Hace poco tuve la ardua tarea de revisar casi cincuenta años de diarios personales de un escritor. Lo que más me llamó la atención fue el carácter repetitivo de sus comentarios y análisis sobre las personas que conocía y las relaciones que mantenía. Sus comentarios políticos, literarios e históricos eran perspicaces, y sus agudas observaciones sobre la disminución durante décadas de la creencia en la libertad existencial captaban bien la creciente dominación del ethos determinista actual, con su énfasis biológico y su nihilismo desesperanzado subyacente. Pero también estaba muy claro que las personas sobre las que escribió no eran muy diferentes después de cuarenta o cincuenta años. Su situación había cambiado, pero ellos no lo habían hecho en lo esencial. Estaban encapsulados en caparazones que les protegían del cambio y de opciones que les obligarían a metamorfosearse o a sufrir profundas metanoias. La mayoría de ellos no veían ninguna conexión entre su vida personal y los acontecimientos mundiales, ni parecían comprender lo que William James, al escribir sobre los hábitos, decía:

«Si sufrimos el deambular de nuestra atención, actualmente deambulará todo el tiempo. Atención y esfuerzo no son… sino dos nombres para el mismo hecho psíquico».
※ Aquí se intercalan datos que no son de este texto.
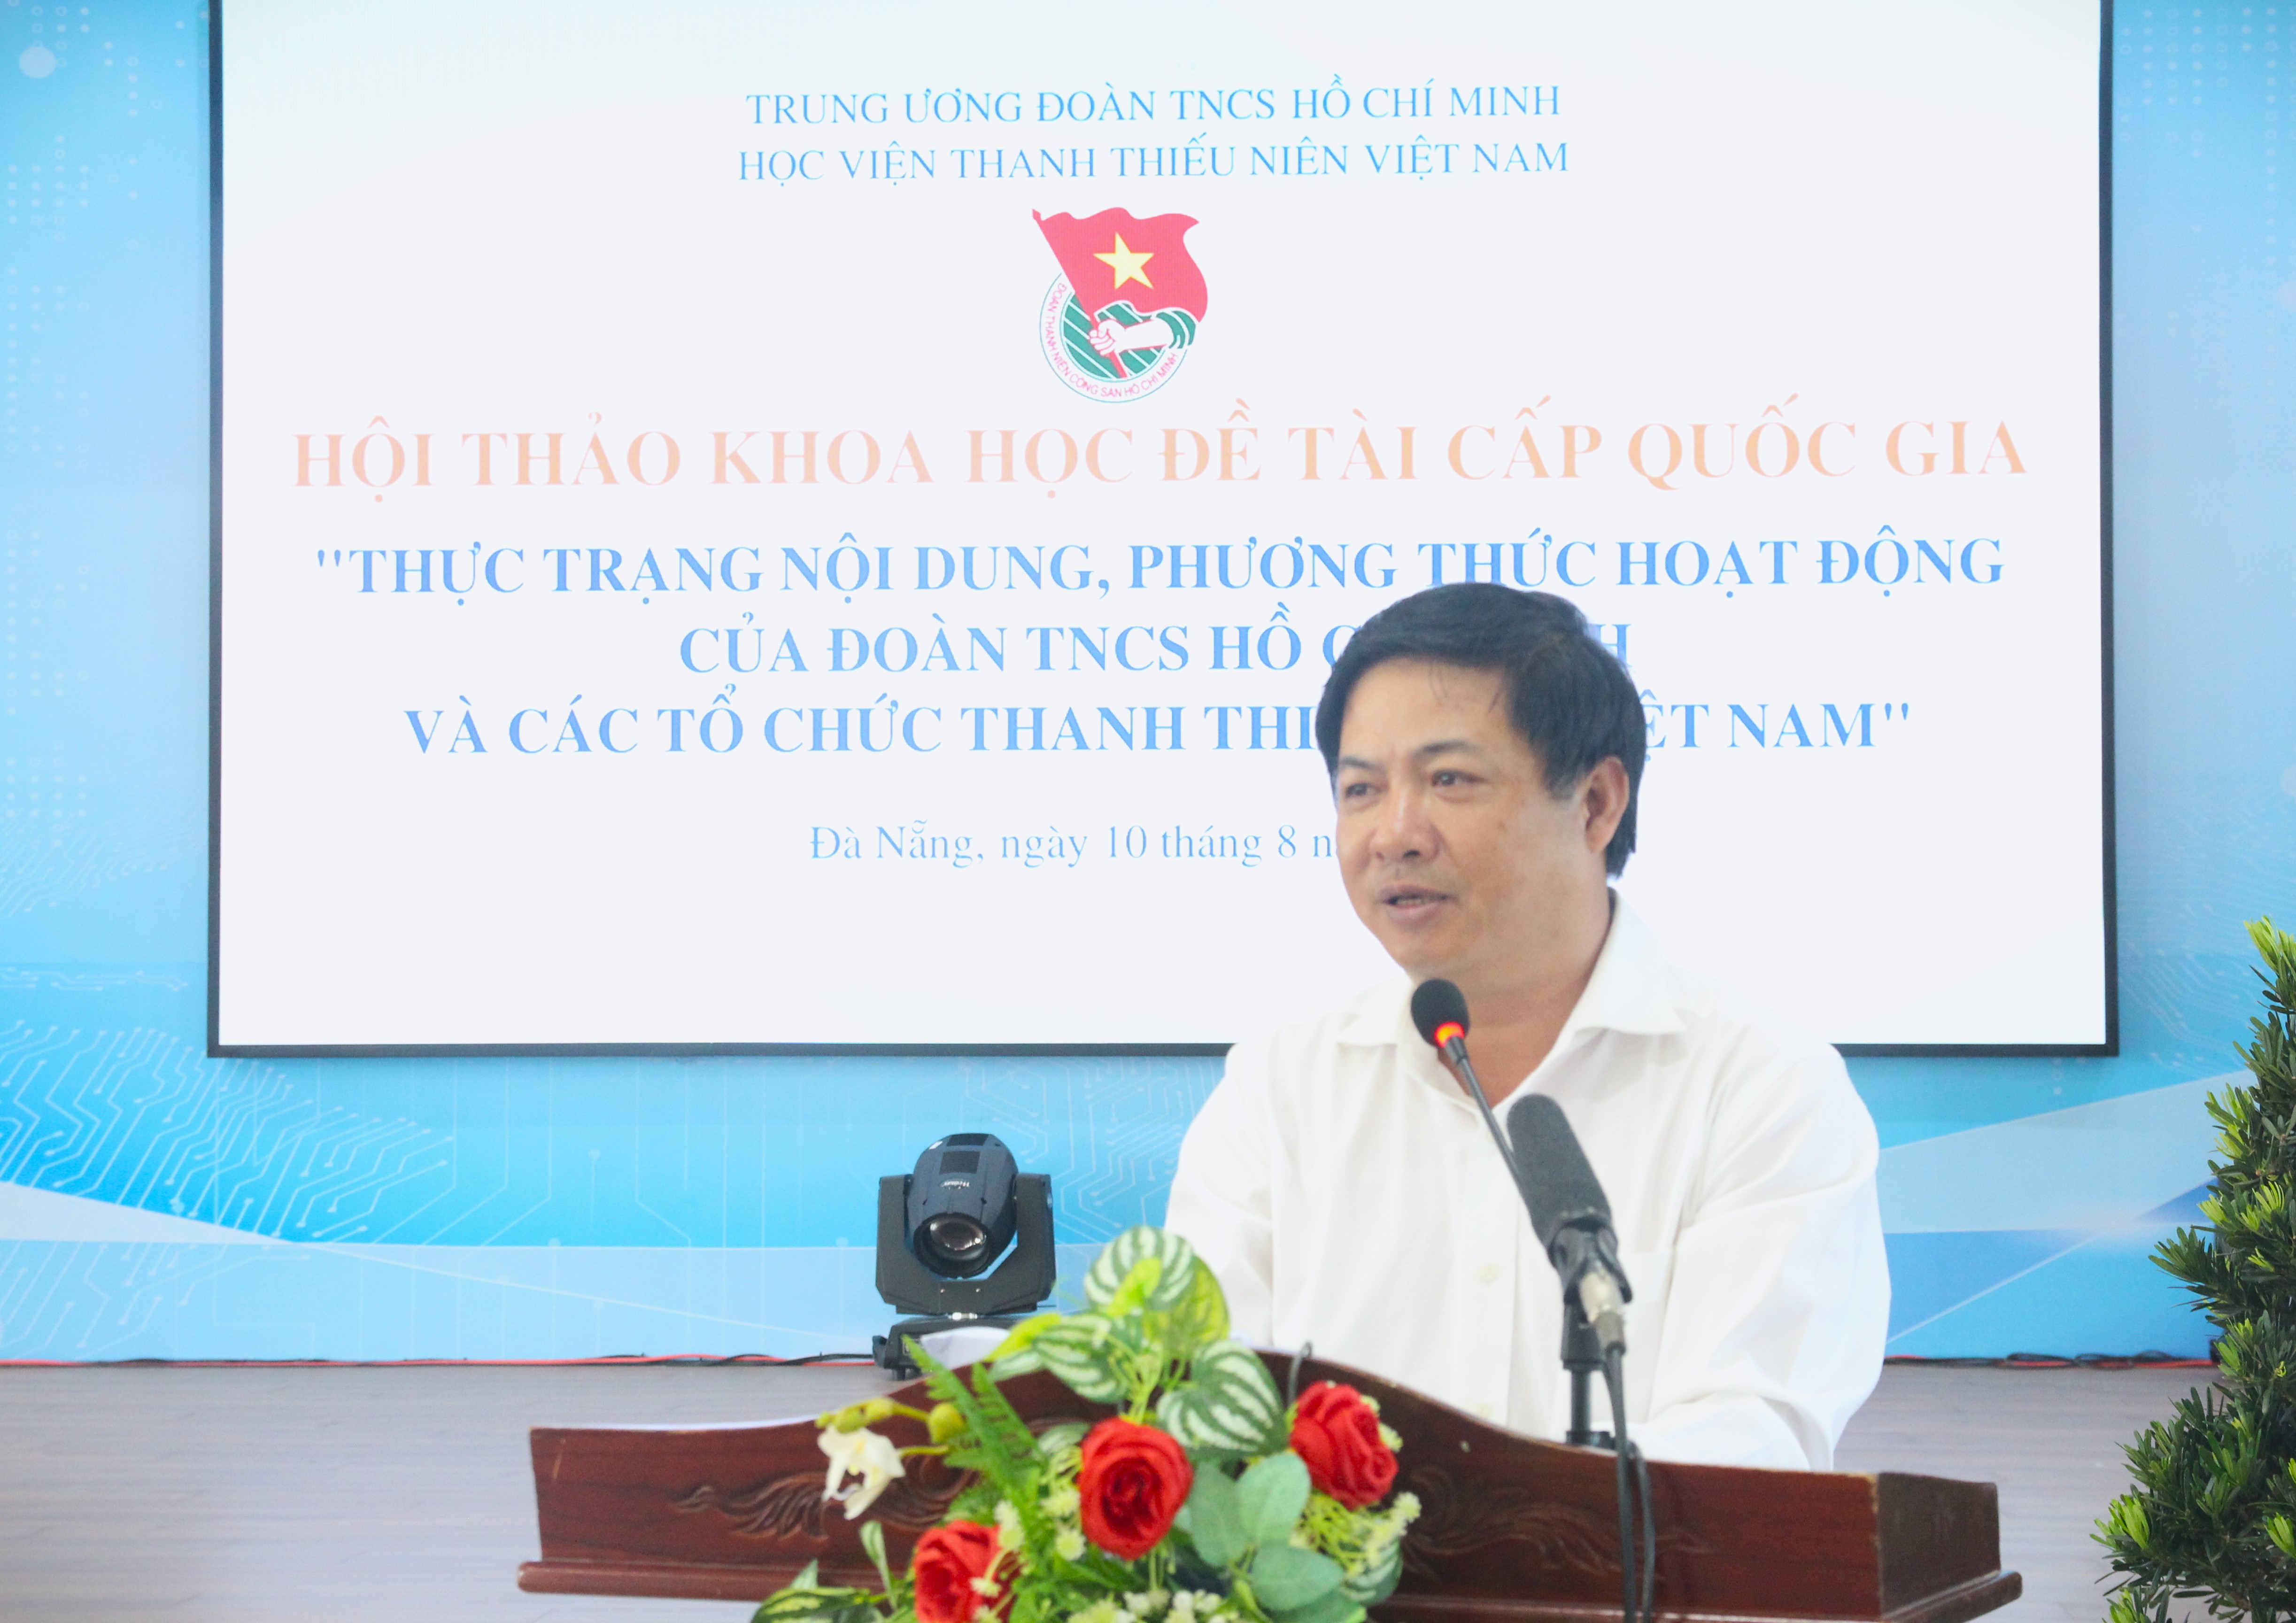 Tăng cường sự lãnh đạo của Đảng đối với Đoàn TNCS Hồ Chí Minh và các tổ chức thanh thiếu nhi

Los cuadernos, por supuesto, eran las observaciones de un hombre.  Pero me pareció que captaban algo de la gente en general.  En las notas que tomé, lo resumí con las palabras «adicción social», un hábito de vida y de pensamiento que ha dado como resultado un gran número de personas encerradas en sus celdas, confusas, totalmente embaucadas y desesperadas.  Esta condición es ahora ampliamente reconocida, incluso por las personas más irreflexivas, ya que se siente en las entrañas como una muerte aturdida en vida, un pisar el agua a la espera de la próxima catástrofe, la próxima broma pesada que pase por atención seria.  Es imposible no reconocer, si no admitir, que Estados Unidos se ha convertido en un país de locos, loco e iluso en el peor de los sentidos y que lleva al mundo a la perdición en un sueño de tontos de dominio y delirios.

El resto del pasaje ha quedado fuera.